They're coming up on a real dilemma here as at some point the excuse of being young and needing to develop is going to become outdated. The elephant in the room at Pepsi Center is that the Nuggets lost to a younger team with less playoff experience than they have.
When Masai had to trade Melo, he and Josh made the decision they wanted to remain competitive and try an unconventional method to succeed in a small market. Instead of going the Cleveland route of getting picks in exchange for the player and heading back into the lottery, they dealt for a group of good players. The smart thing Masai did was he locked up all of those assets to very cap-friendly deals so when the new luxury tax kicks in next year and teams will have to start blowing up their rosters, Denver will be in great shape. The bad thing is they're limited in their ability to advance the roster. They can make moves similar to the Iguodala trade but they're obviously too good to be in the lottery. In one sense they appear worlds ahead of Cleveland, but with Kyrie Irving and Tristian Thompson as bases- they could be a title team if LeBron returns in 2015. It's just unlikely Denver will be able to add an A player, in a league where it seems to take 2-3 A players to win a title.

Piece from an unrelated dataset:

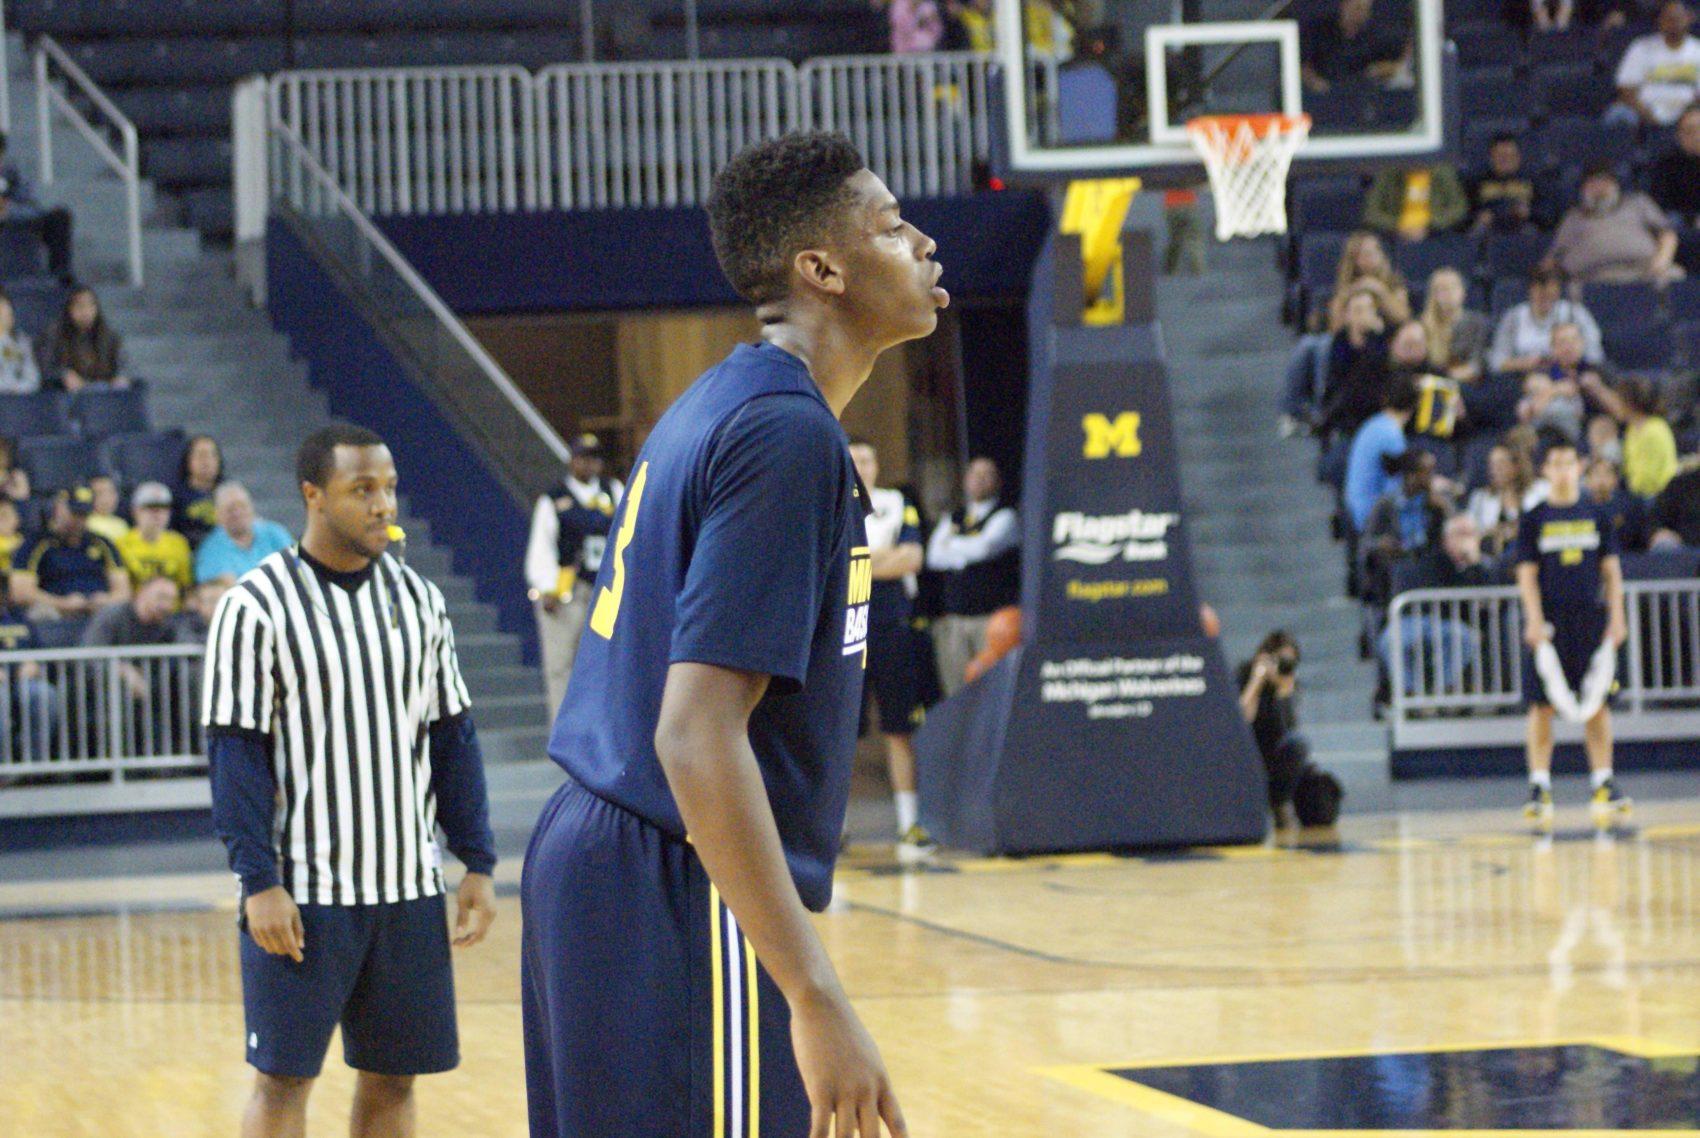 Michigan Basketball Open Practice – #7

Simply put, the Nuggets are built for the regular season- in every sense. A deep roster of 9-10 guys plays very well over an 82-game grind. They play an up-tempo game and win a lot of home games simply based on scheduling as they catch teams coming into Denver who inevitably don't have the stamina to keep up that type of pace.
Problem is once you get into the playoffs, those strengths are weakened. It turns into a possession-by-possession grind in the half-court where fatigue is irrelevant and execution is key. That's where star players are so key, not only can you run plays for them but they get the benefit of the whistle. Until a player receives the respect of the officials as a star, it's tough to win in the playoffs. Sure Ty Lawson can continue getting better, but will referees give him the same benefit of the doubt they do LeBron or Durant?
That's what puts them in such a tough situation. I could see them winning 60 games next season, but I'm still not sure they can get out of the first round. That's a staggering statement in that I'm simply questioning their ability to win one round, not a championship. With that, they're a business and I respect Kroenke's desire to put out a competitive regular season product to fill seats and get playoff revenue versus taking a step back as a cellar dweller in hopes of landing a new franchise player. But it sucks for those wanting to see Denver win a championship.